Awards

Alice Telesnitsky of the University of Michigan in the U.S. seeks to define and characterize HIV interactions with host RNA. The team will attempt to determine whether disrupting or mimicking essential interactions with host RNAs may lead to antiviral strategies to which HIV cannot readily develop resistance.

Anders Hakansson of the University of Buffalo in the U.S. has identified a protein from human breast milk (Human Alpha Lactalbumin Made Lethal to Tumor cell, or HAMLET), that kills respiratory tract bacteria. Hakansson will attempt to understand the mechanism by which HAMLET binds to and kills pheumococci without the bacteria developing resistance.

To optimize the effectiveness of current anti-tuberculosis drugs, Boitumelo Semete of the CSIR in South Africa will work with collaborators to develop "sticky nanoparticles" that specifically attach to TB-infected cells. Once taken in by these cells, the nanoparticles will slowly degrade, releasing the anti-TB drugs and killing the bacteria. With this novel drug delivery system, the team aims to improve the bioavailability of the current therapies, with the possibility of shortening the treatment period for TB as well as reduce drug side effects.

Gerald R. Smith of the Fred Hutchinson Cancer Research Center in the U.S. seeks to identify inhibitors of a bacterial DNA repair enzyme that allows tuberculosis to mutate. Identifying these inhibitors could lead to therapies that kill bacteria and limit drug resistance.

David A. Spiegel of Yale University in the U.S. will pursue an antibiotic strategy called "biosynthetic immunotargeting." Streptococcus pneumoniae will be fed small molecules which they will incorporate into their cell walls. These small molecules contain an epitope recognized by antibodies in the human bloodstream, leading to immune clearance independent of bacterial antigens, representing a unique, resistance-free approach to pneumococcal disease.

To test the theory that certain metabolic pathways essential to the survival of bacteria are immutable and therefore promising targets of drug therapy, Krishna Kodukula and colleagues at SRI International in the U.S. will identify peptides that bind key metabolites of M. tuberculosis, and test their ability to kill the bacteria.

Reto Brun (Swiss Tropical and Public Health Institute) and Isabel Roditi (University of Bern) in Switzerland seek to identify small molecules that prematurely induce African trypanosomes, which are parasites that cause fatal sleeping sickness, to differentiate into the life stages necessary for transmission of the parasite. Forcing this transformation within the mammalian host could be the basis for new methods to kill trypanosomes, and this concept might be applied to other vector-borne disease . In this project's Phase I research, Brun and Roditi developed a whole-cell assay to identify small molecules that stimulate early differentiation of African trypanosomes. In Phase II, they will perform high-throughput screens for such small molecules, validate active molecules in a suite of assays, and study them in a mouse model of infection.

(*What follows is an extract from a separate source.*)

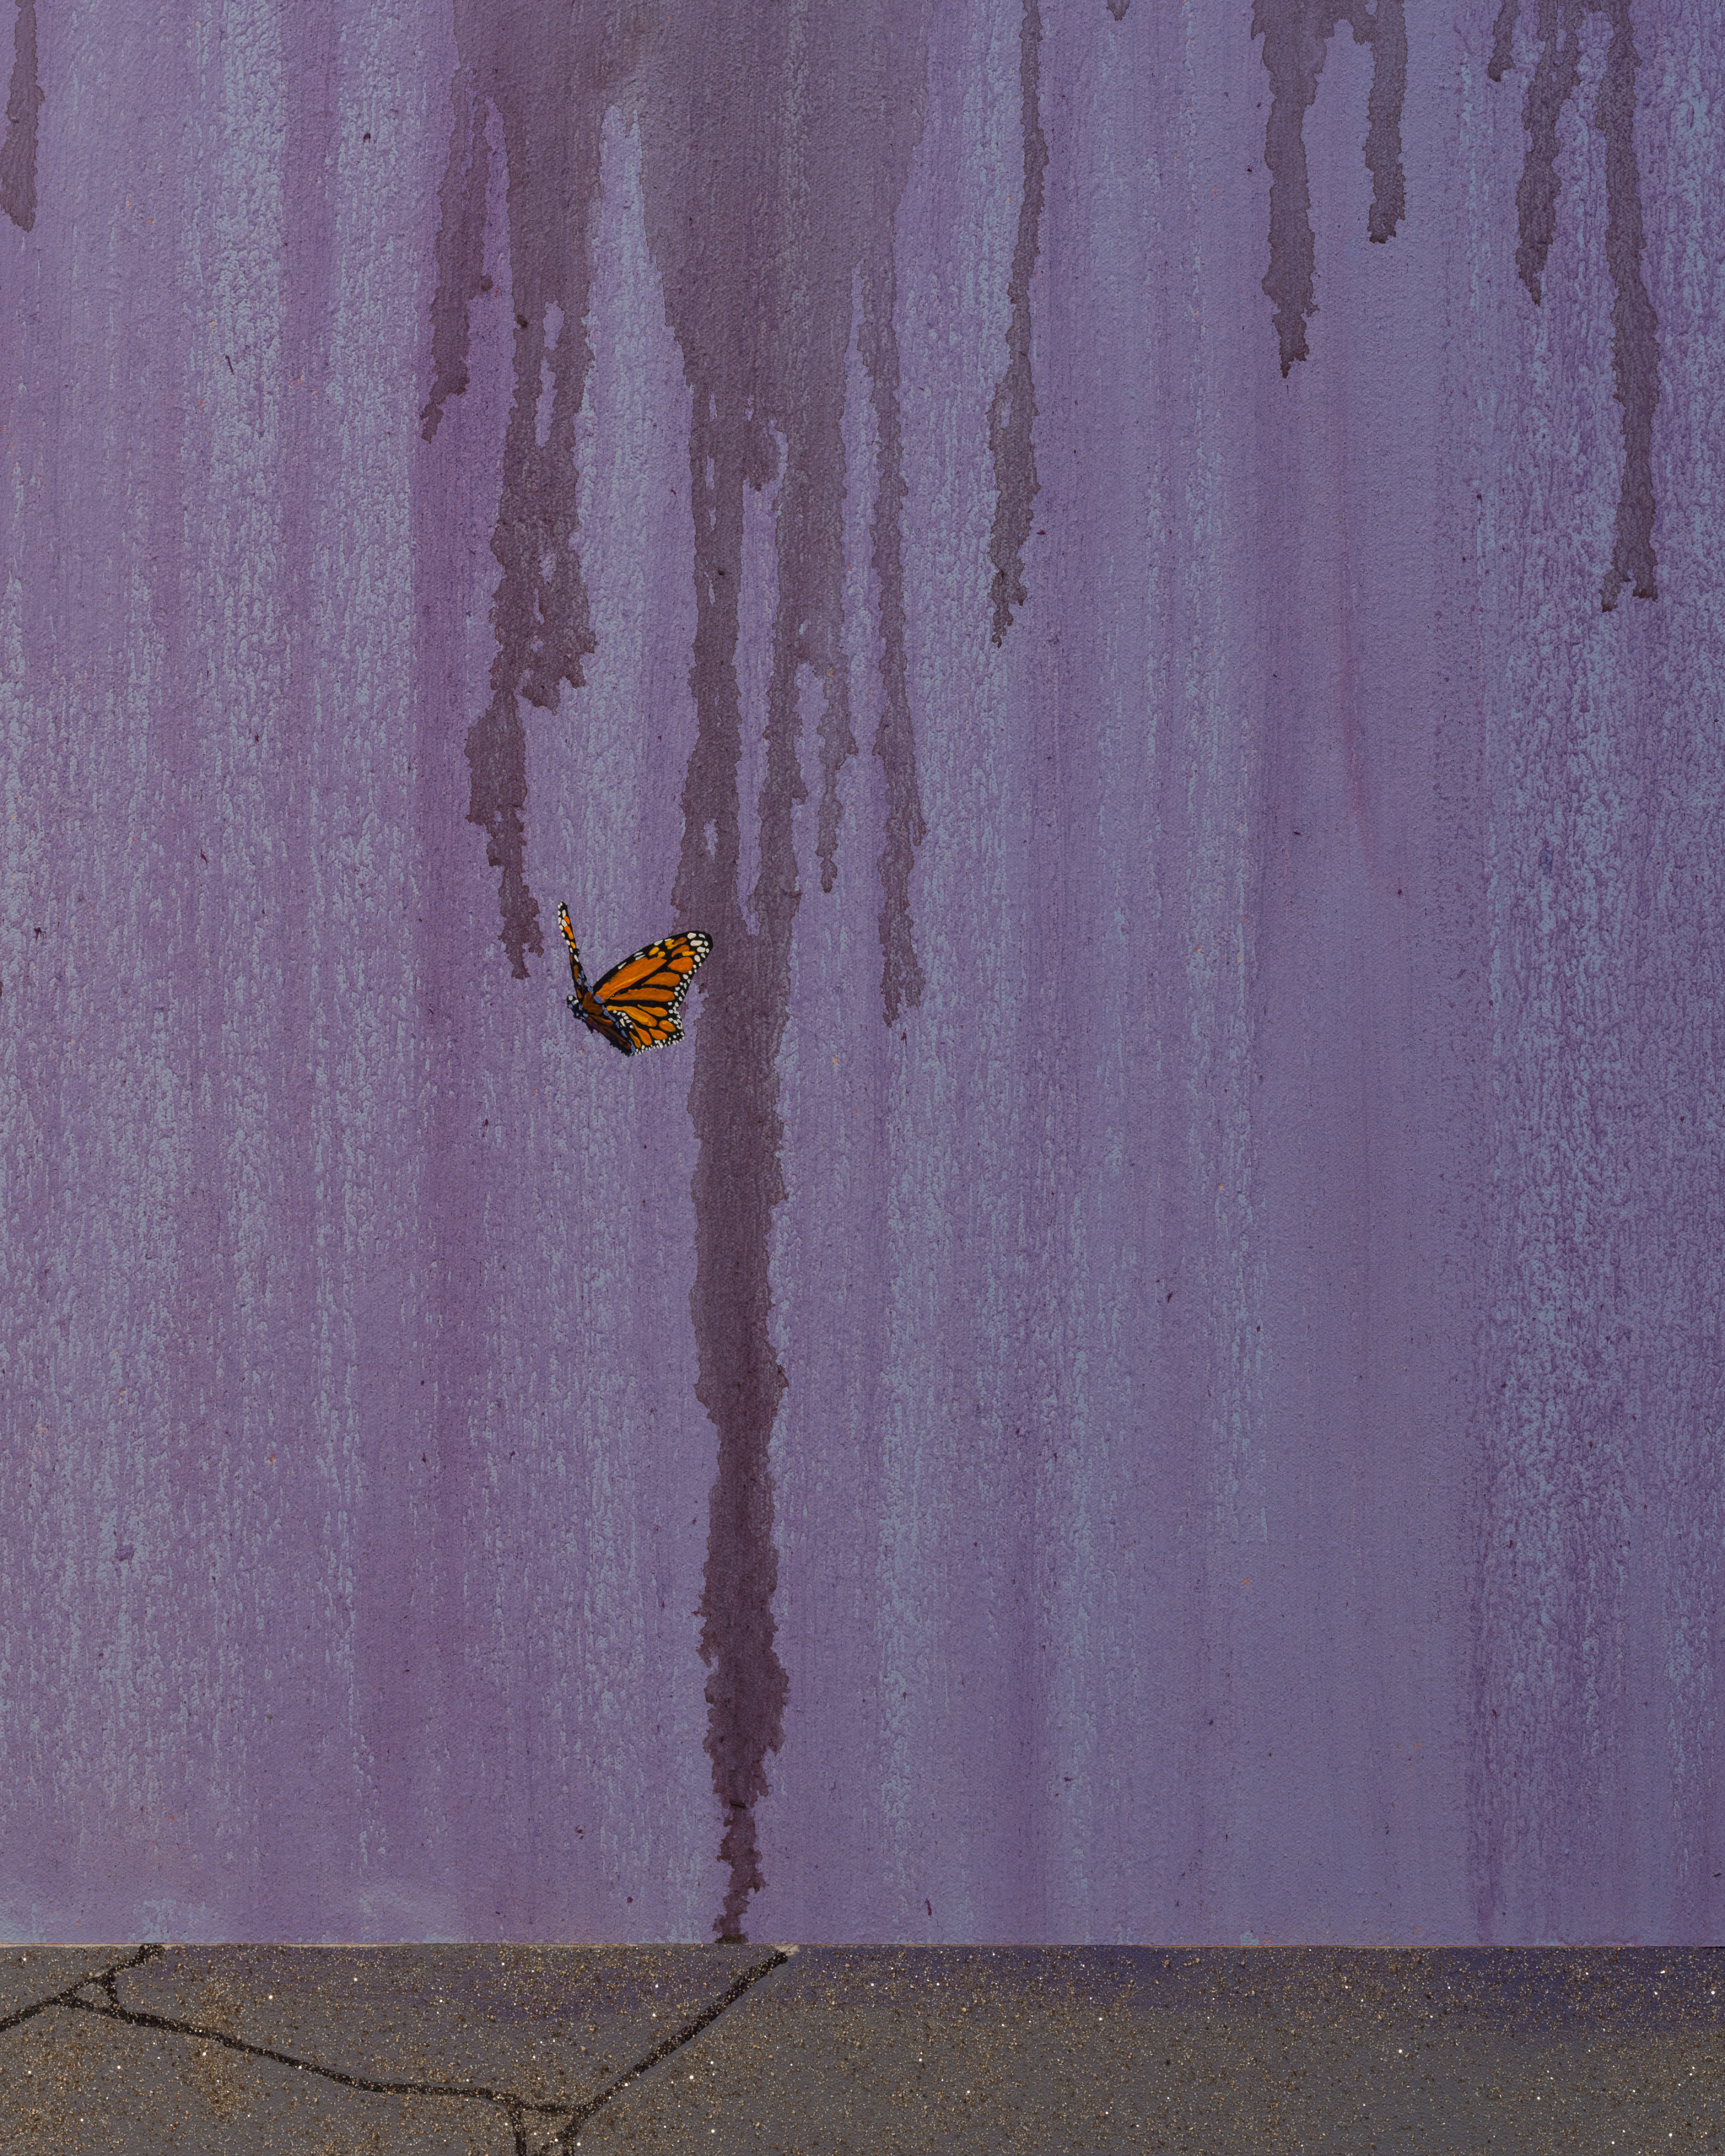 Detail of Tidawhitney Lek's "Richie's Liquor" depicting a monarch butterfly in flight in front of a stained wall.

Bongkoch Tarnchompoo of the National Center for Genetic Engineering and Biotechnology in Thailand will attempt to develop and test a novel drug that binds to the two pathways used by the DHFR enzyme in P. falciparum to mutate. By tethering these active sites, the dual-binding drug will suppress the development of resistance to anti-malarial drugs.

Because tuberculosis manipulates host cells to resist the immune response and current drug therapies, Nigel Savage of Leiden University Medical Center in the Netherlands will utilize RNAi analysis to identify the essential pathways used by the bacteria to modify its host cell. By discovering these pathways, novel therapies can be developed to counteract this host manipulation without directly targeting the pathogen and causing the development of resistance.

T. brucei, the parasite that causes sleeping sickness, must continuously swim forward in human blood to evade immune responses. Arthur Günzl of the University of Connecticut Health Center in the U.S. will attempt to develop serum-stable RNA molecules to immobilize the parasite by interrupting the mechanism driving parasite motility.